Благодаря волшебной силе этого утраченного чувства он шел по покрытой зеленью Луне к восхитительному городу, который вот уже тысячелетия и тысячелетия существовал только в снах и мечтах. А ведь ему сразу показалось, судя по исключительной хрупкости сложения маленького жреца, что Земля вряд ли является родиной его народа. Вот на Луне, где притяжение гораздо слабее, могли сформироваться такие люди, легкие как птицы. Надо же, и волосы у них серебристые, как лунный свет, а глаза полупрозрачные и отрешенные, как свет мертвой Луны. Какая странная, причудливая связь с утраченной навеки родиной.

Но сейчас у него было мало времени для размышлений. Он просто любовался этим изумительным городом, который в сумерках, наполненных мягким сиянием, казалось, плыл как по светящейся воде, становясь все ближе и ближе. И еще он пробовал, насколько свободен он в своем новом положении. Он видел то, что видел человек, в теле которого он оказался, более того, он обнаружил, что остальные органы чувств тоже были в его распоряжении. Он даже способен был испытывать те же эмоции, которые испытывал тот, другой. В какой-то момент он вдруг ощутил страстное желание поскорей оказаться в этом белом городе Балусе; должно быть, именно такую щемящую тоску и томительную любовь к своему родному городу испытывает изгнанник.

Не сразу Смит понял, что тот человек чего-то боится, какой-то жуткий страх отравляет его сознание. Но в чем причина этого панического страха? Если бы не этот страх, не испытывал бы он столь мучительных страданий при виде очарования родного города, раскинувшегося перед ним, где был ему знаком каждый сияющий купол, каждый шпиль.

Терзаясь этим скрытым глубоко в подсознании страхом, человек медленно спускался вниз по склону холма. Вот перед ним выросла молочно-белая стена, окружавшая город. Она была невысока и украшена сверху кружевной резьбой, завитки которой отражали прозрачное серебристое сияние Земли. С тяжелым чувством, словно его поджидает неминуемая опасность, он прошел под остроконечной аркой. Страх становился все сильнее и сильнее, человека охватило полное смятение, спутавшее и без того сбивчивые мысли; теперь это был ужас, полностью подчинивший его себе. Душа его была полна горькой, отчаянной любовью к родному городу, ласкающий взор его медленно скользил по светлым крышам, по озаренным земным сиянием стенам, отделенным друг от друга мягкими перламутровыми тенями. Словно несчастный изгнанник, он не мог налюбоваться чудесной красотой Балуса, желая навсегда сохранить ее в своем сердце. В безысходной тоске он, не отрываясь, смотрел на город, и казалось, эта красота останется перед его глазами даже после смерти.

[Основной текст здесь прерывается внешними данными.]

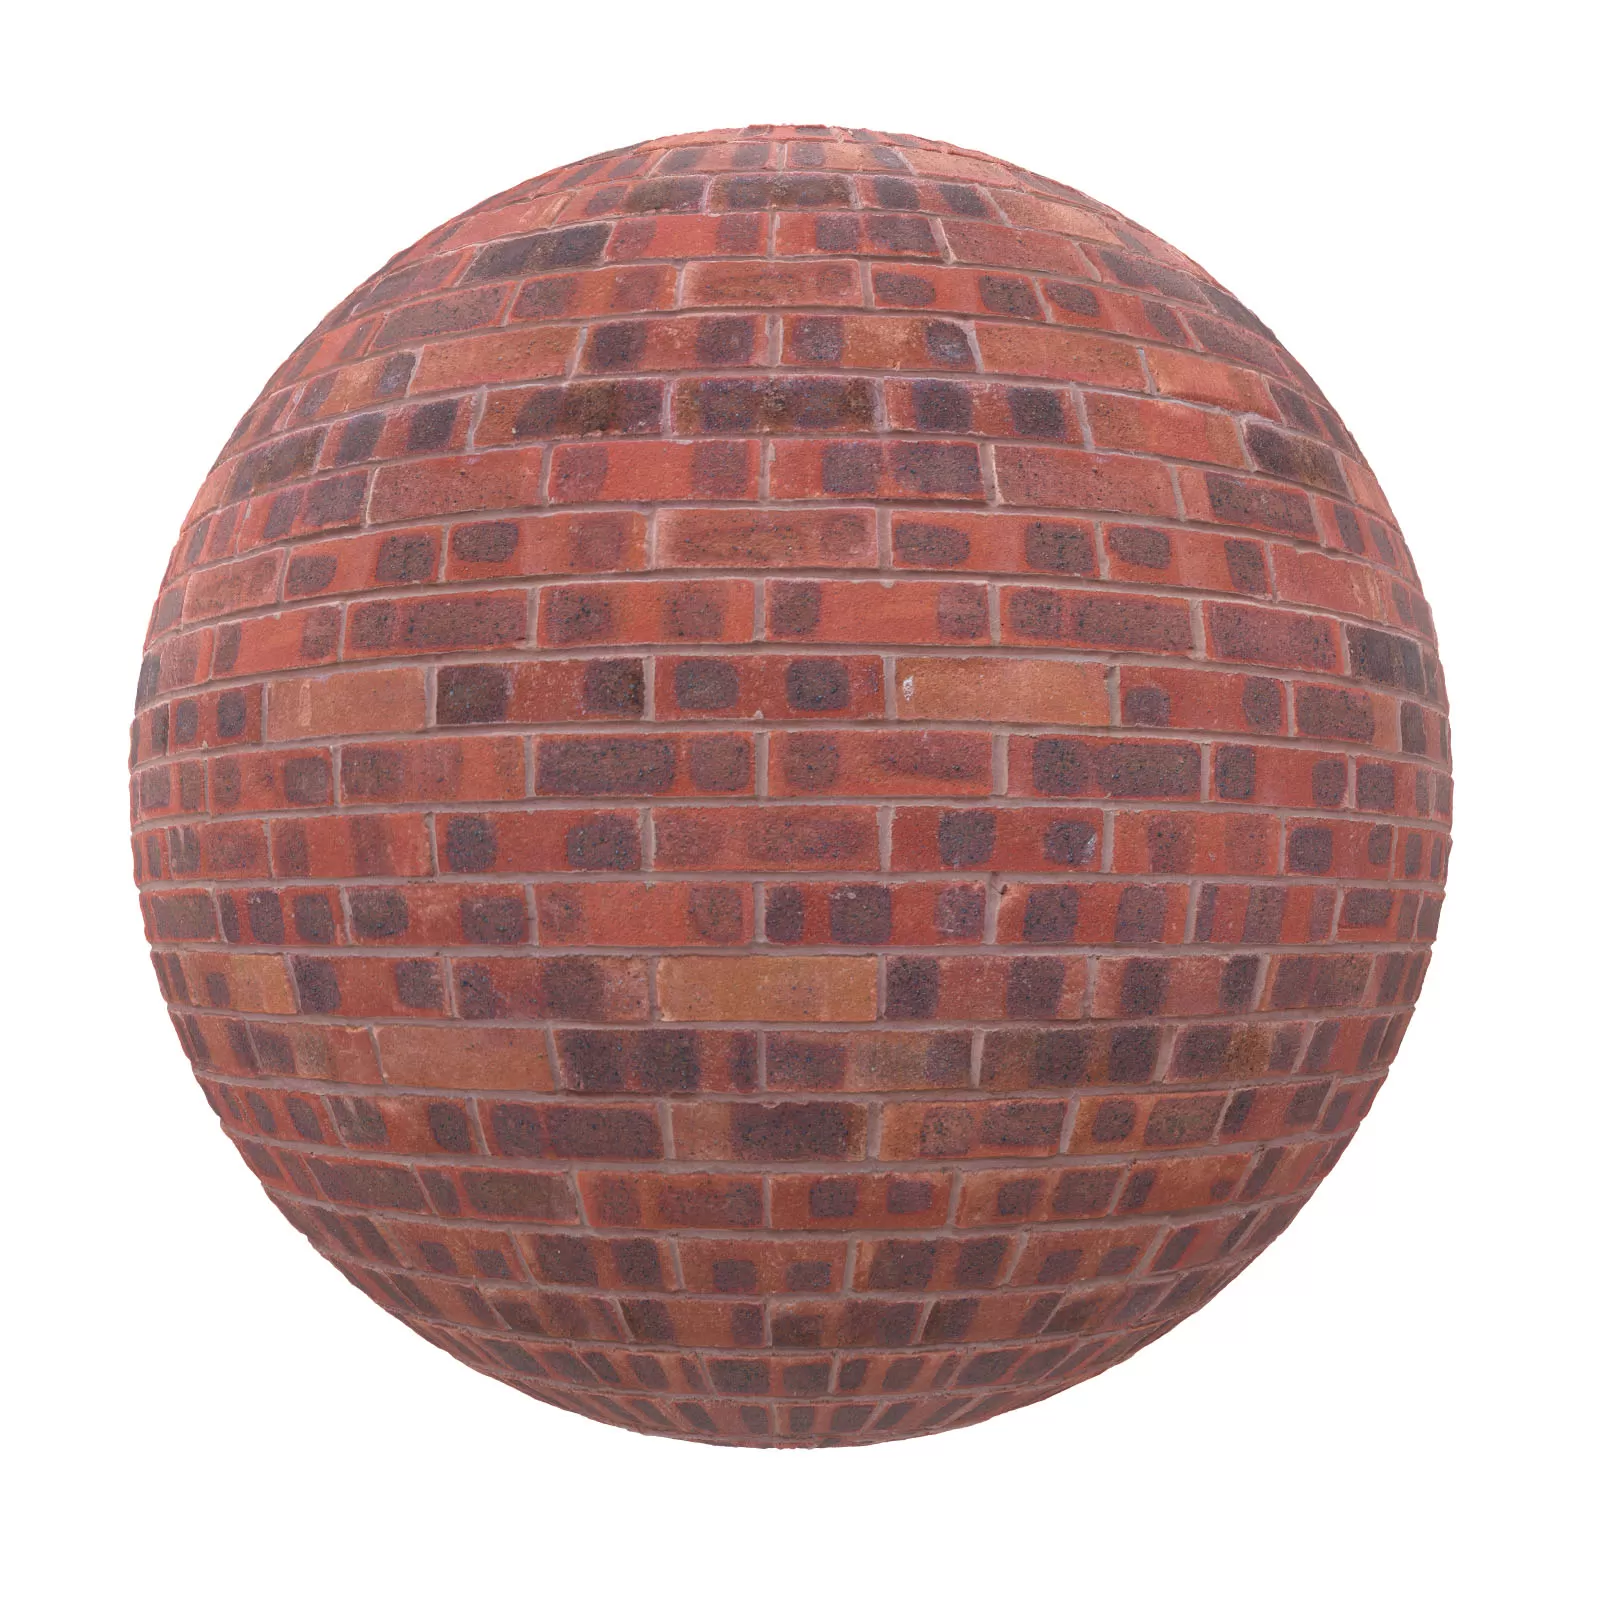 PBR CGAXIS TEXTURES – BRICK – Red Brick Wall 8

Он медленно шел вдоль светлых стен, мимо полупрозрачных куполов, прошел под арками. Ноги его бесшумно ступали по белому морскому песку, так что порой ему начинало казаться, будто он бредет во сне. Земля уже высоко поднялась над крышами, и огромный светящийся шар парил в темном небе, окаймленный радужными морями цвета опала. И Смит, глядя на родную планету глазами незнакомца, не узнавал очертаний зеленых континентов, видневшихся из-под прозрачной вуали колыхавшегося воздуха, и очертания морей также казались ему совсем незнакомыми. Перед его глазами в эту минуту открылось столь головокружительно далекое прошлое, что он не узнавал даже родную планету.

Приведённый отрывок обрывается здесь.